Di contro, il greenwashing continua ad essere la regola. Si moltiplicano infatti i casi di aziende che cercano a tutti i costi di mostrare un’immagine ecologista. Anche quando di “green” c’è poco. L’ultimo caso, in ordine di tempo, riguarda il colosso britannico HSBC: secondo quanto indicato dal Financial Times, l’organismo inglese che vigila sulle pubblicità ha avanzato dubbi su due campagne promozionali dell’istituto finanziario. Che potrebbero indurre in errore i consumatori in merito al reale impegno della banca in materia ambientale.
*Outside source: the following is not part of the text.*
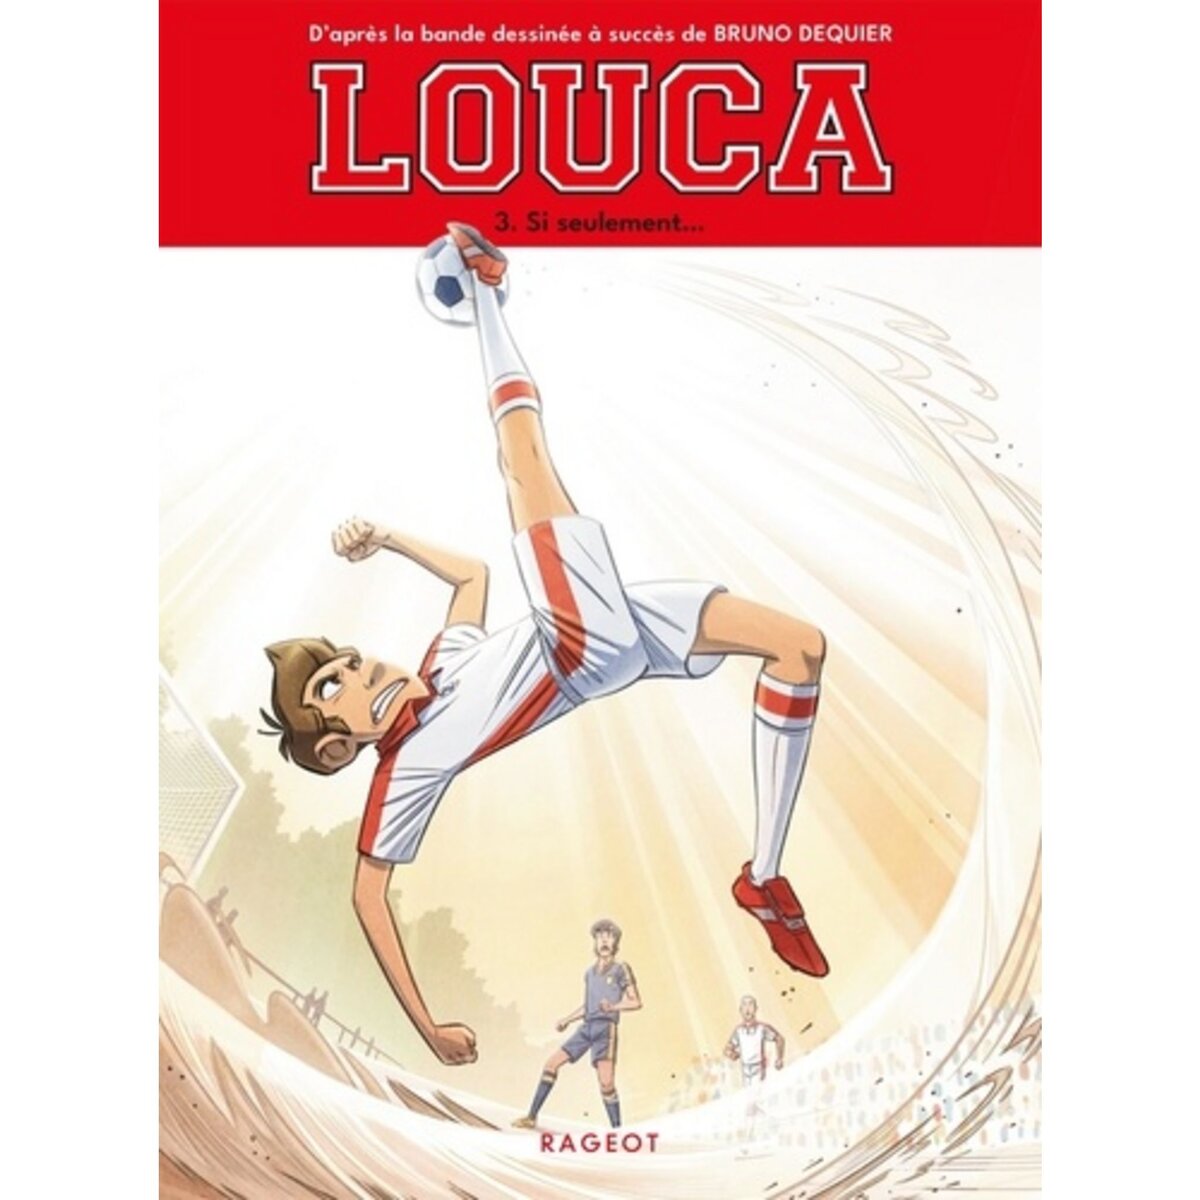  LOUCA TOME 3 : SI SEULEMENT..., Nanteuil Sophie

E se le banche si rifanno il trucco, le criptovalute puntano sugli influencer. E sui social network. Un’analisi del quotidiano economico francese Les Echos spiega come il mercato mondiale delle monete digitali (19mila cripto, 500 piattaforme di scambio, migliaia di fondi) cerchi di sfruttare le star di Twitter, Facebook, Instagram & co. per espandersi. Il caso più eclatante è rappresentato da Elon Musk, che con i suoi 85 milioni di follower è riuscito a garantire enorme pubblicità al Bitcoin e anche (soprattutto) al “suo” Dogecoin. Ma coinvolti ci sono migliaia di influencer, remunerati in funzione del numero di abbonati ai loro account. Il “tariffario” è stato rivelato su Twitter da ZachXBT, sulla base di dati di un’agenzia di marketing incaricata di promuovere criptovalute, token e investimenti nel comparto. Domanda: questi influencer quanto ne sanno di finanza?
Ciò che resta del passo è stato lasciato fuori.